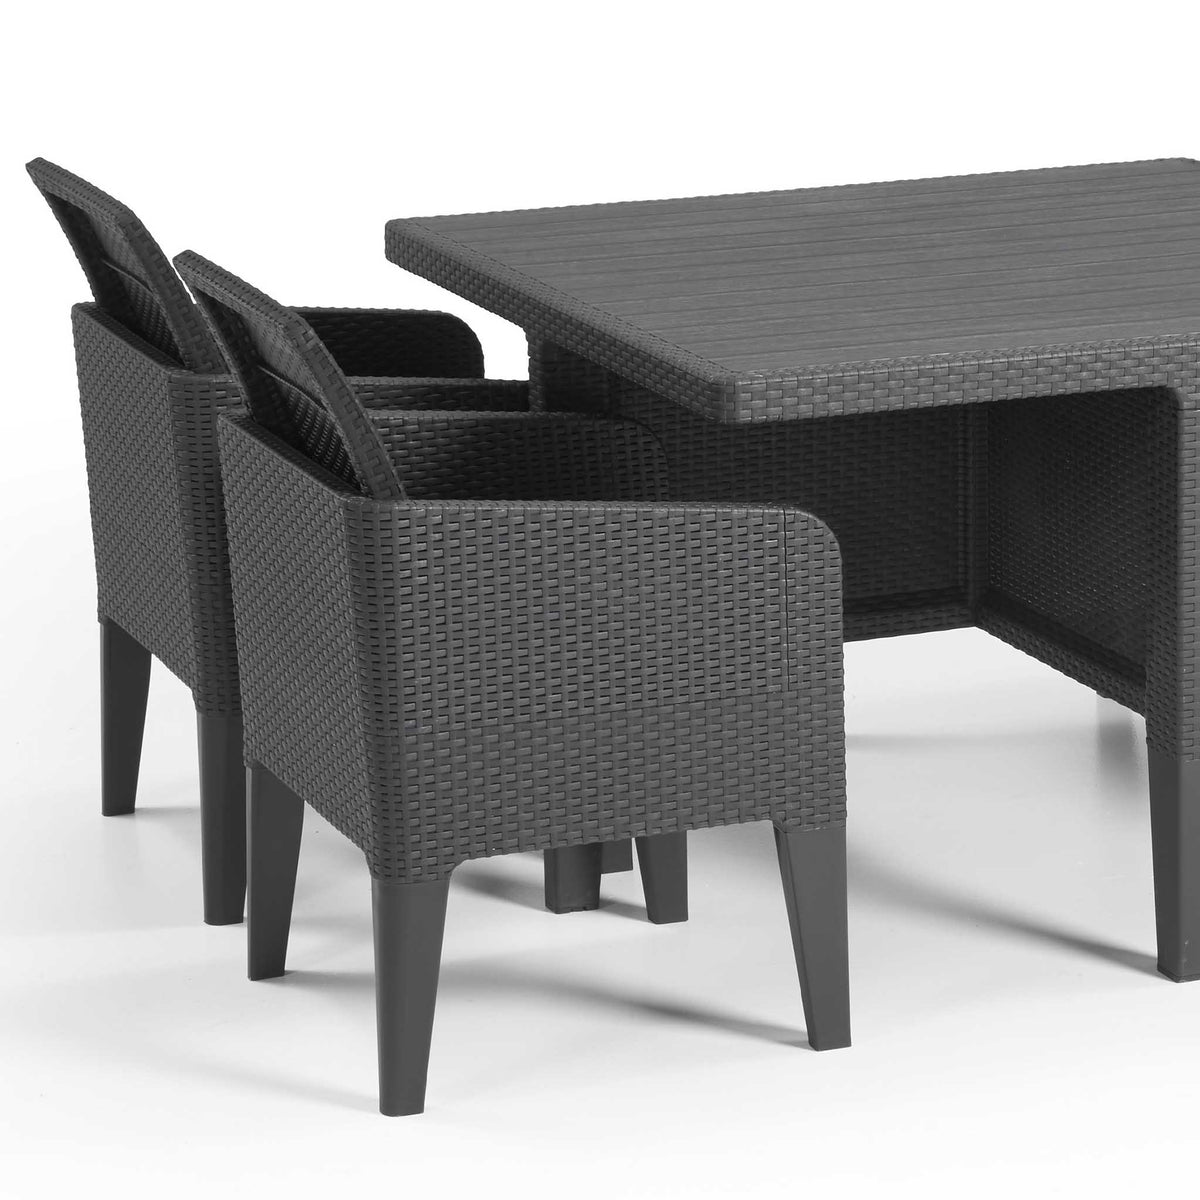 Keter Dine Out 4 Seater Dining Set - Close up of Chair when pulled out
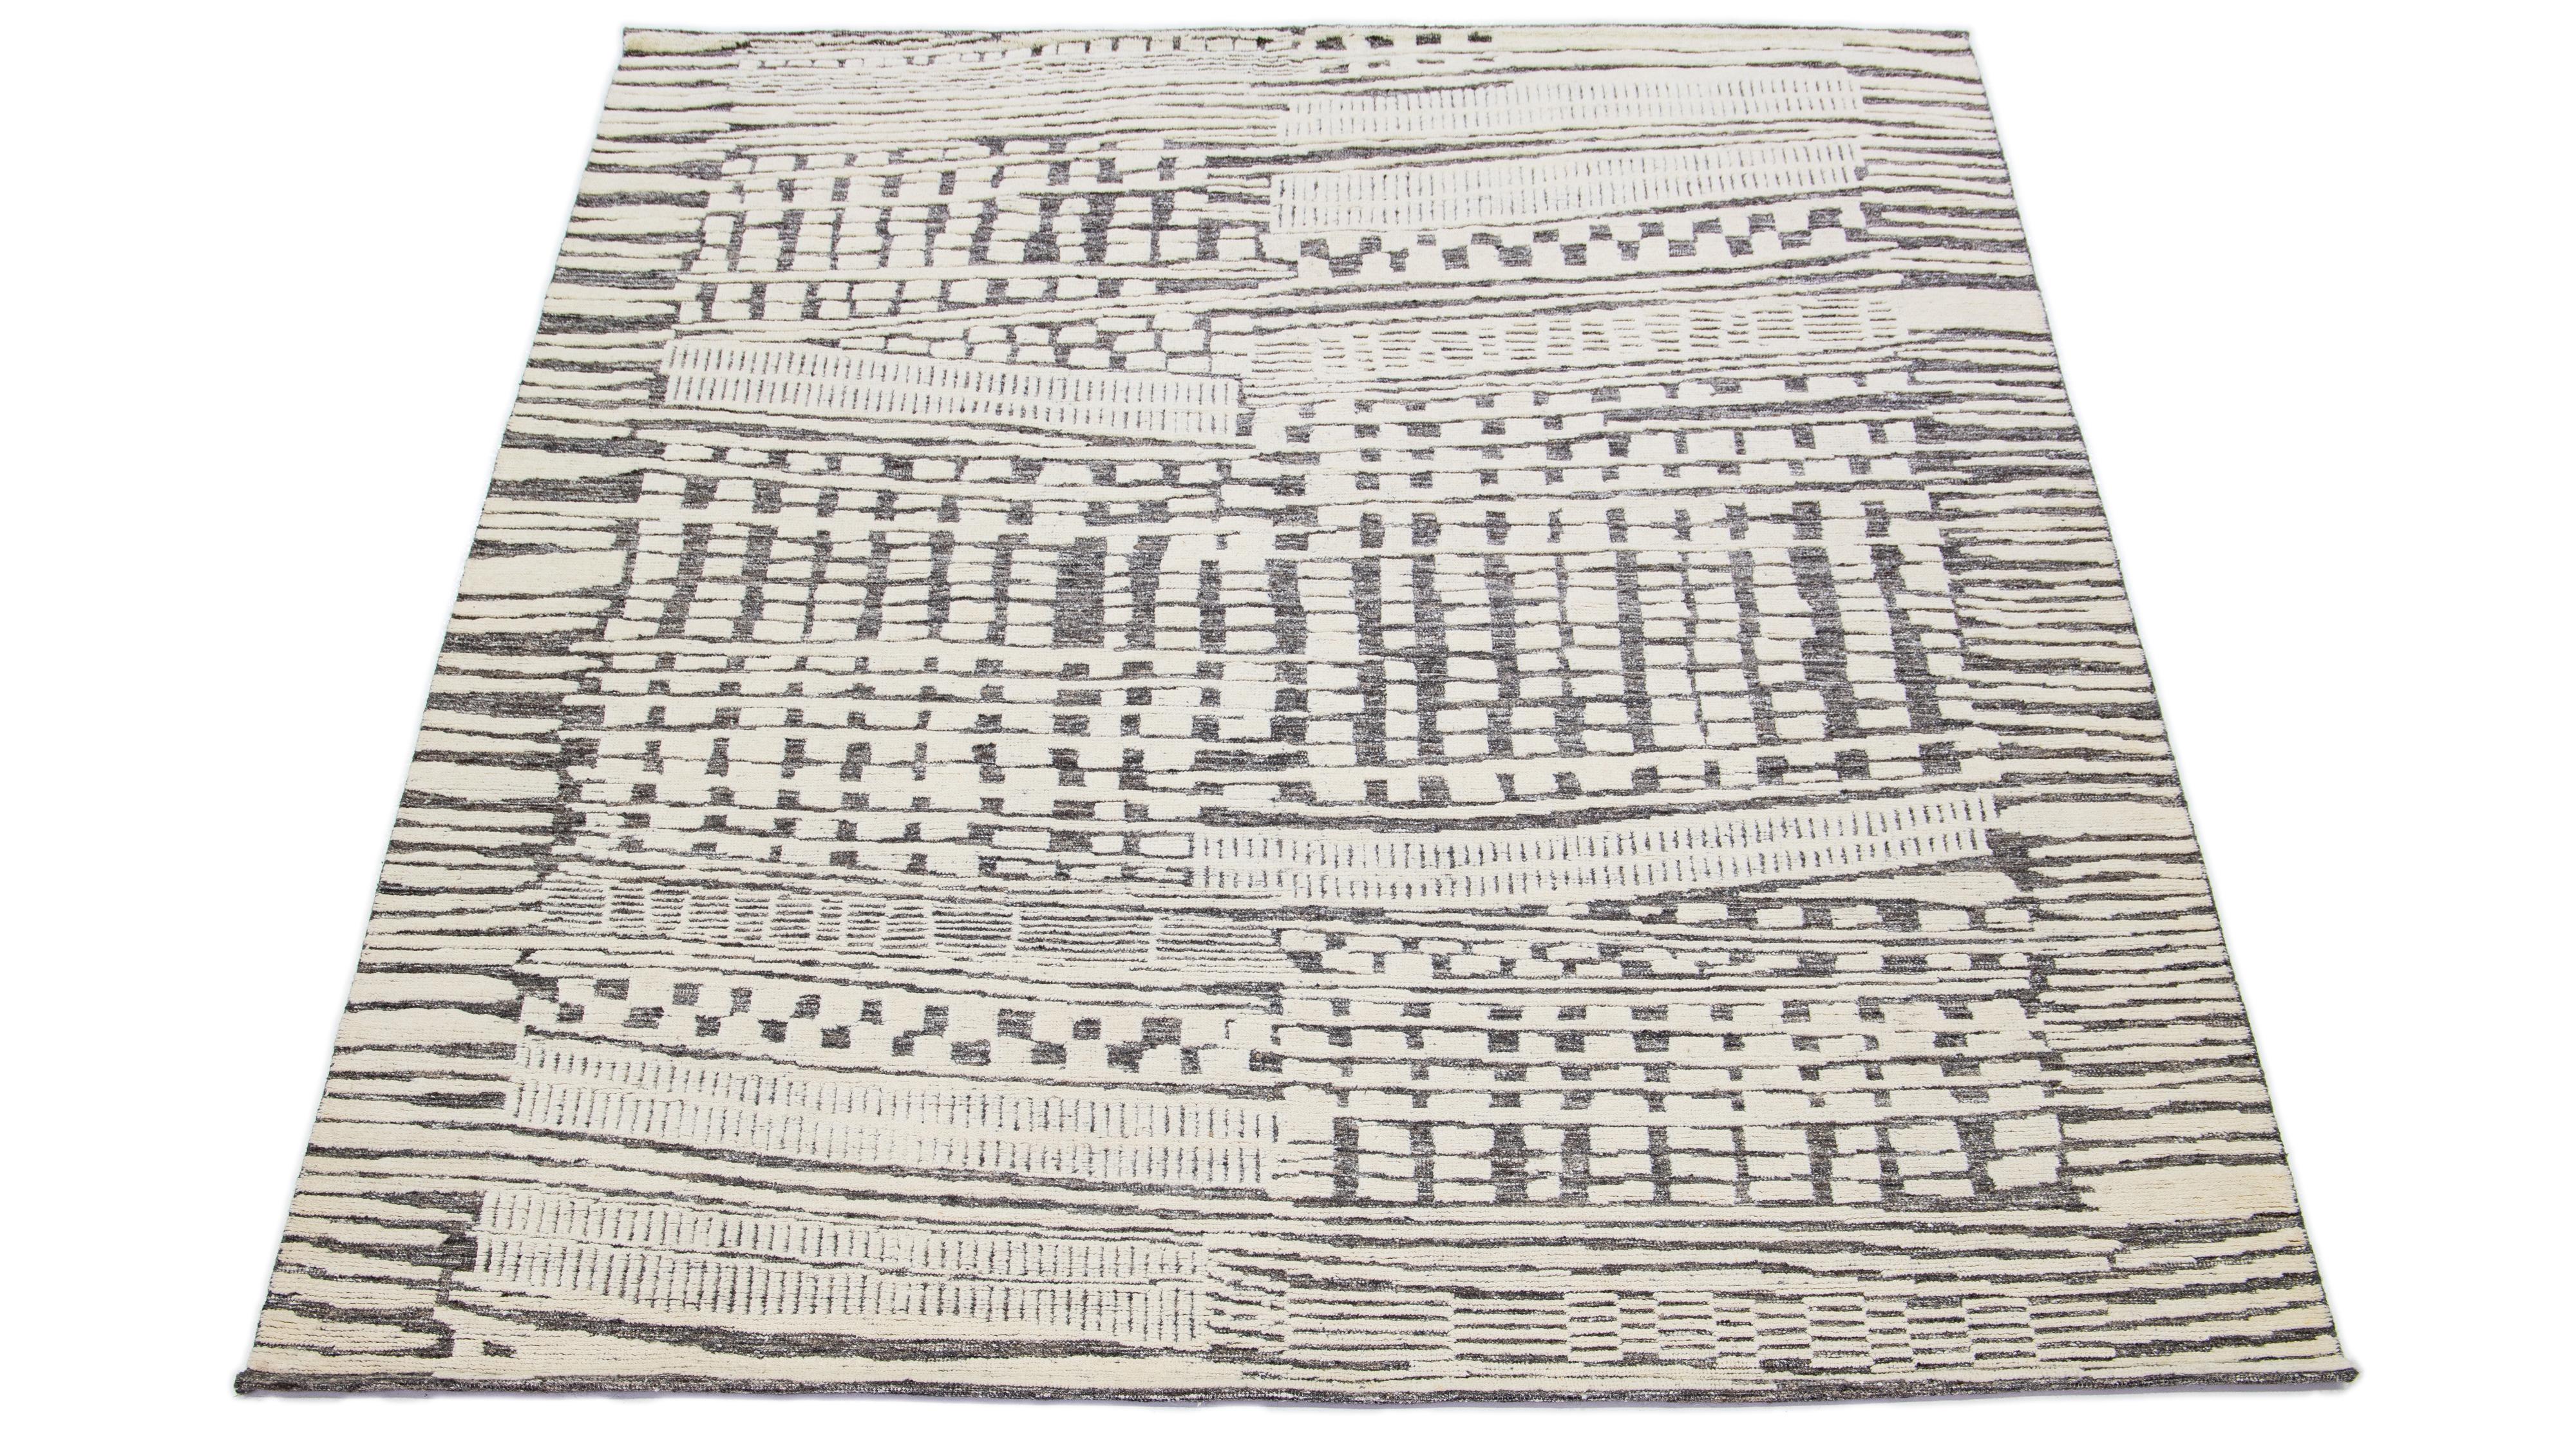 This hand-knotted wool rug showcases a modern Moroccan-inspired motif highlighting understated beige hues against a bold gray foundation, creating a captivating abstract Design.

This rug measures 8'2

(TASK PROMPT): Leave out every picture and write out exactly the lines running from the line containing "This hand-knotted wool" to the end of the listing above.

(TASK OUTPUT):
 This hand-knotted wool rug showcases a modern Moroccan-inspired motif highlighting understated beige hues against a bold gray foundation, creating a captivating abstract Design.

This rug measures 8'2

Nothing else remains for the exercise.